____ DATA SHOWN

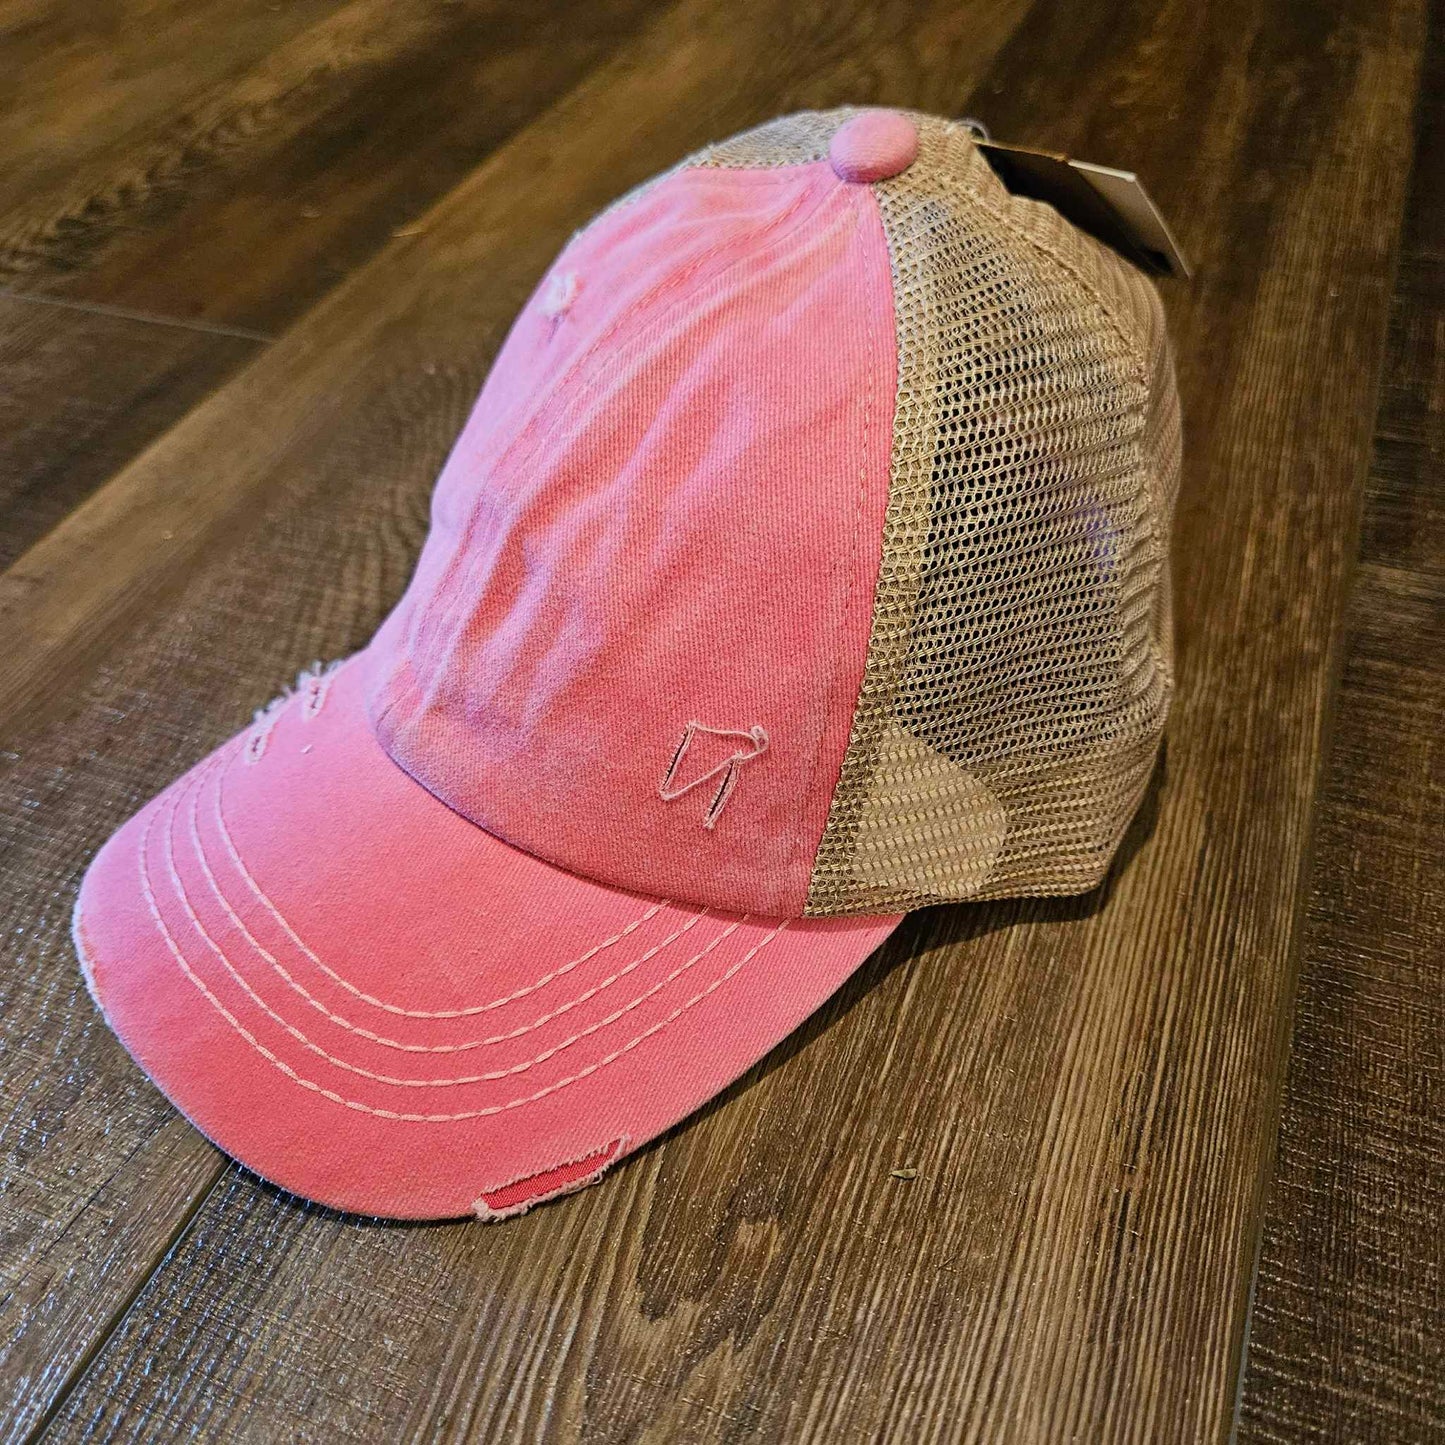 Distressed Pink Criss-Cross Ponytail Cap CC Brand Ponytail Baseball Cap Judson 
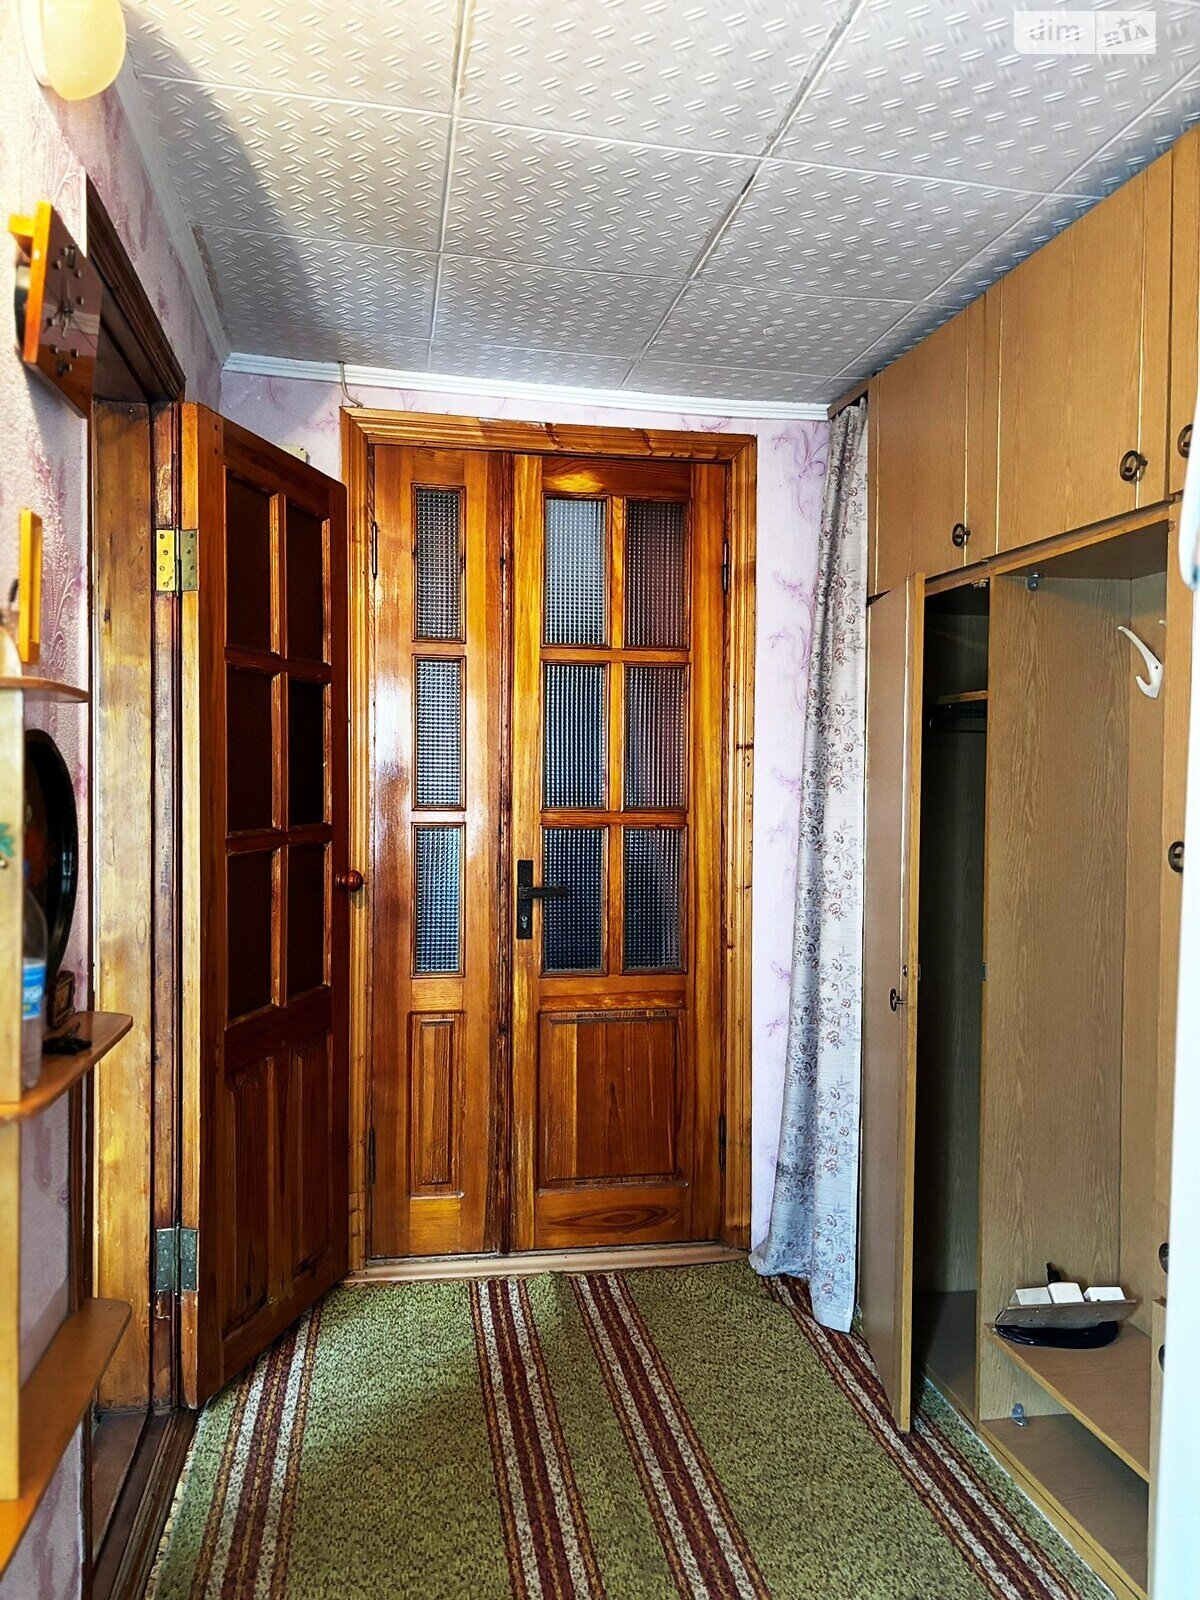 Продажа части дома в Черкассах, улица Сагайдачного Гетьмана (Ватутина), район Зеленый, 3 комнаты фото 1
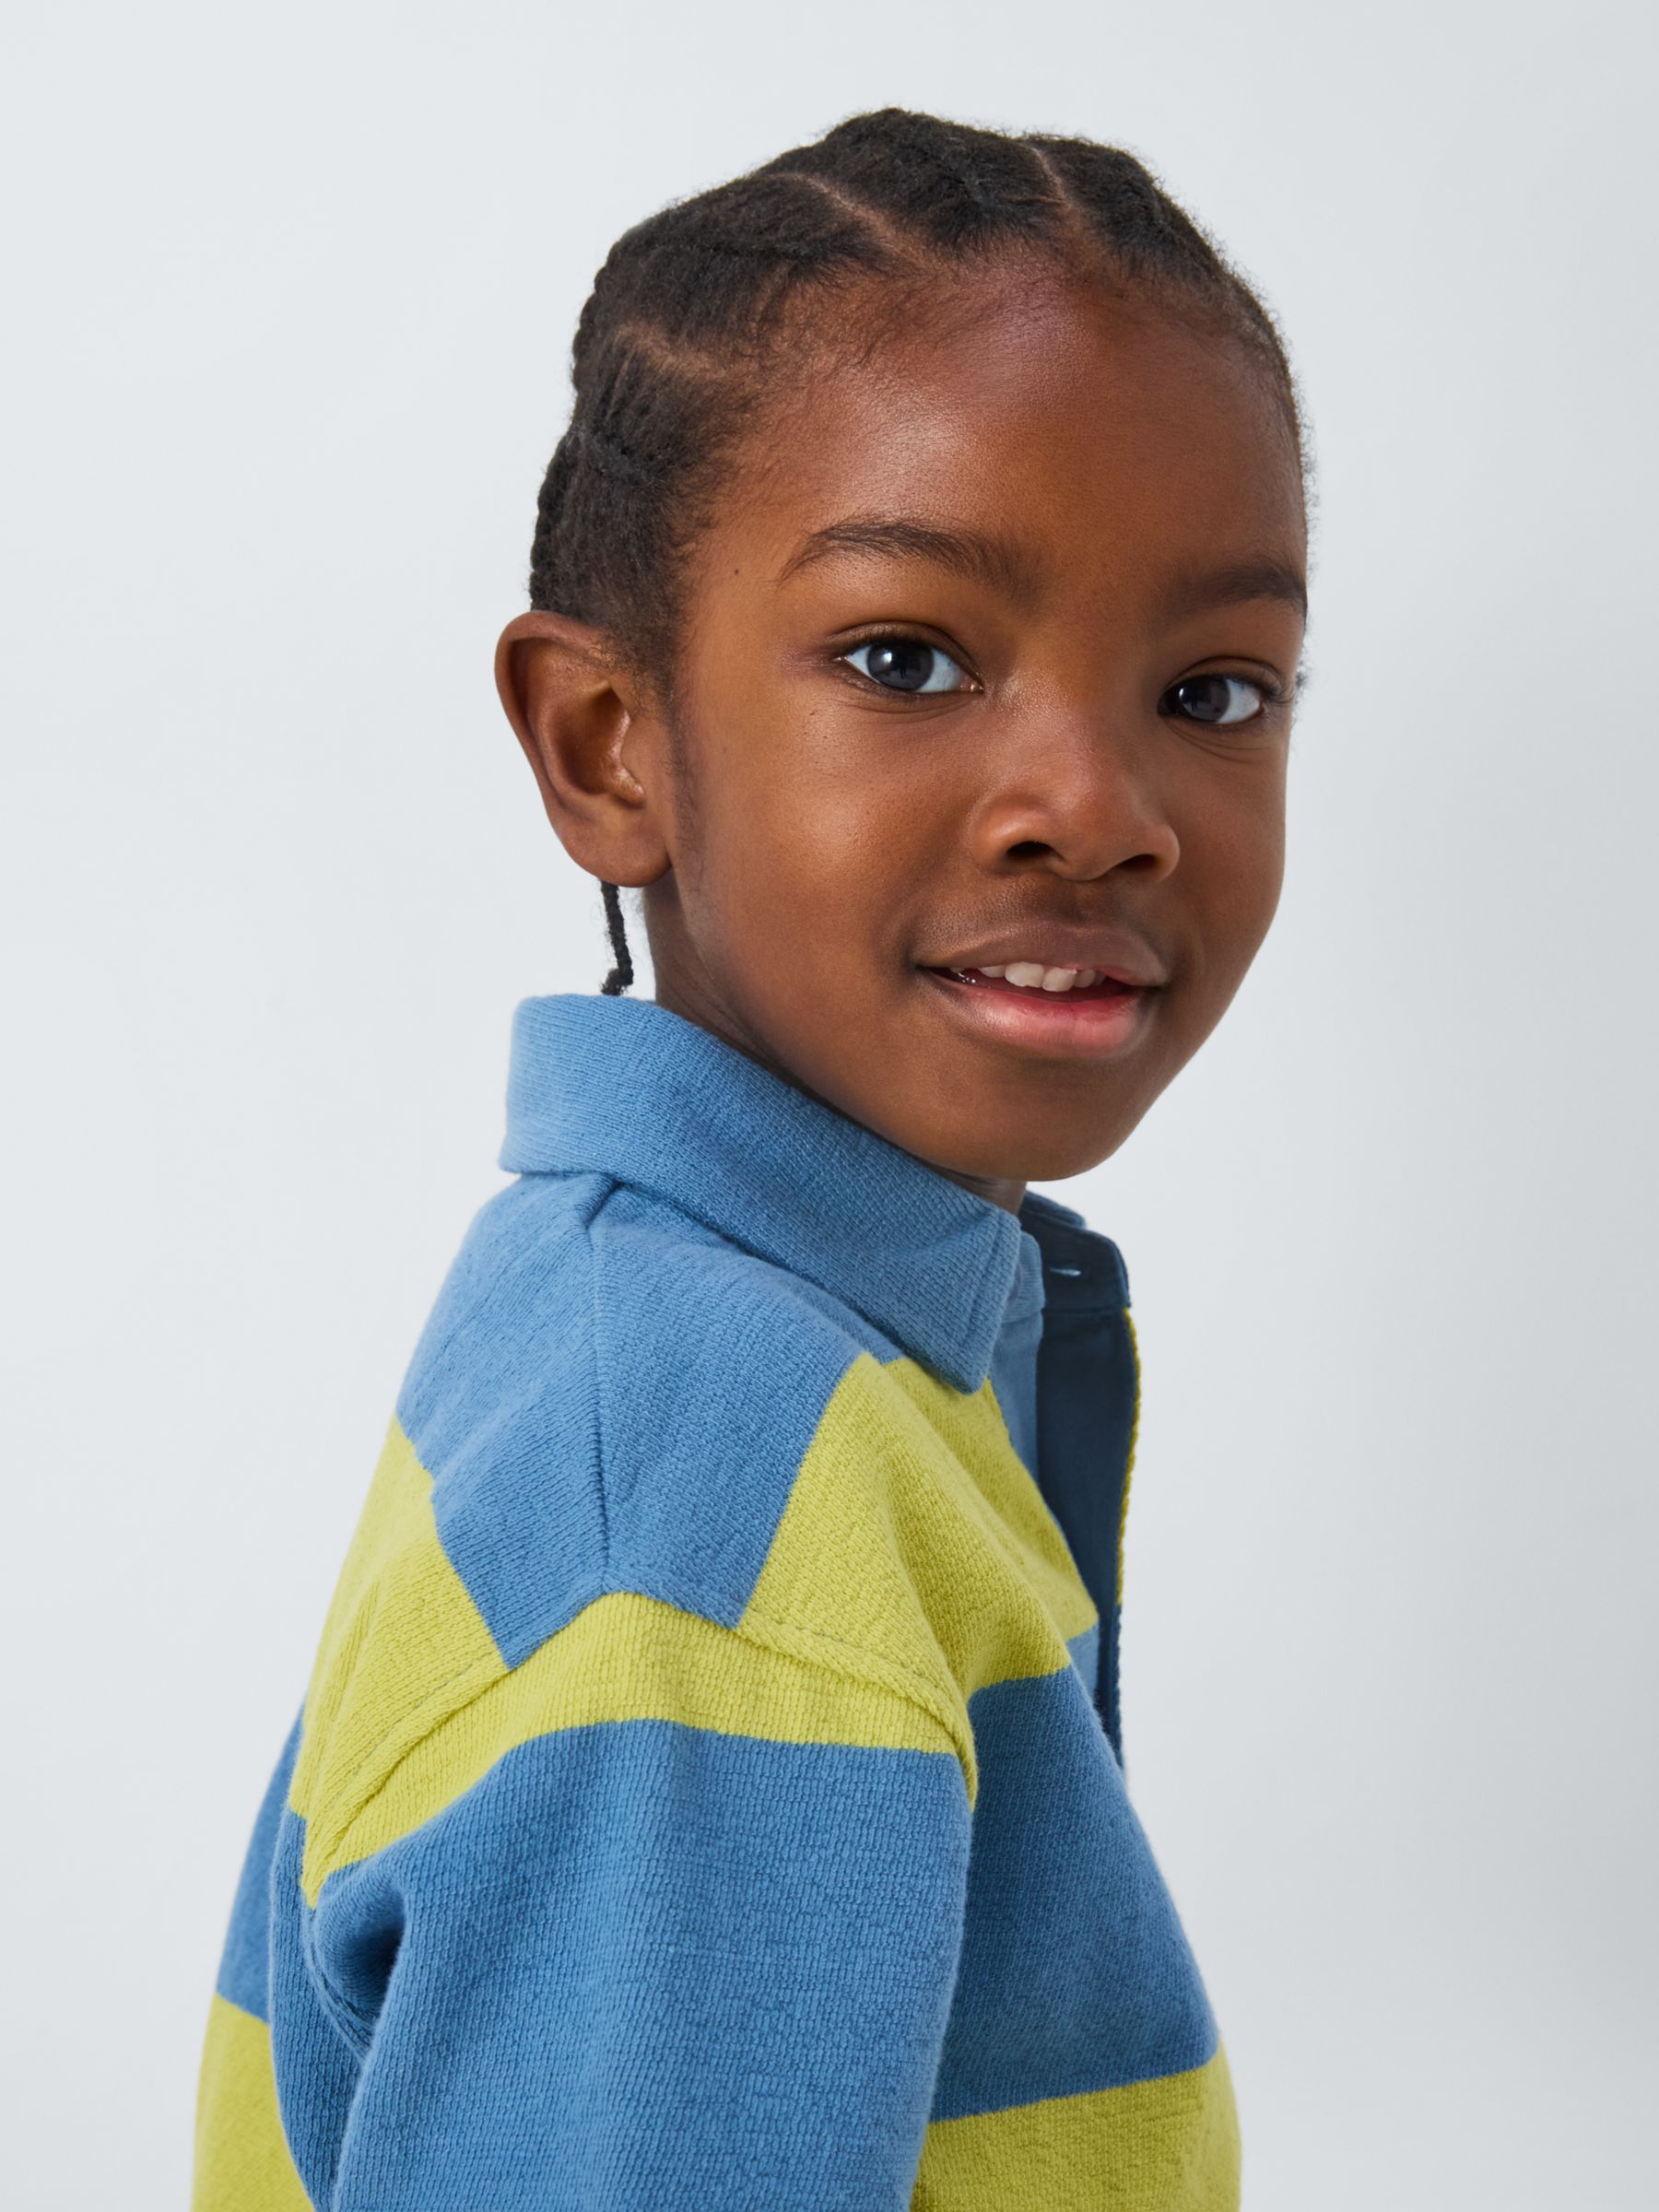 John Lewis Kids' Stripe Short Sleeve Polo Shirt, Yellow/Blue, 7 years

________

## BRIEF
Skipping any images, write out all the data exactly.

## WRITTEN REPLY
 Distressed Pink Criss-Cross Ponytail Cap CC Brand Ponytail Baseball Cap Judson 
 Продажа части дома в Черкассах, улица Сагайдачного Гетьмана (Ватутина), район Зеленый, 3 комнаты фото 1
 John Lewis Kids' Stripe Short Sleeve Polo Shirt, Yellow/Blue, 7 years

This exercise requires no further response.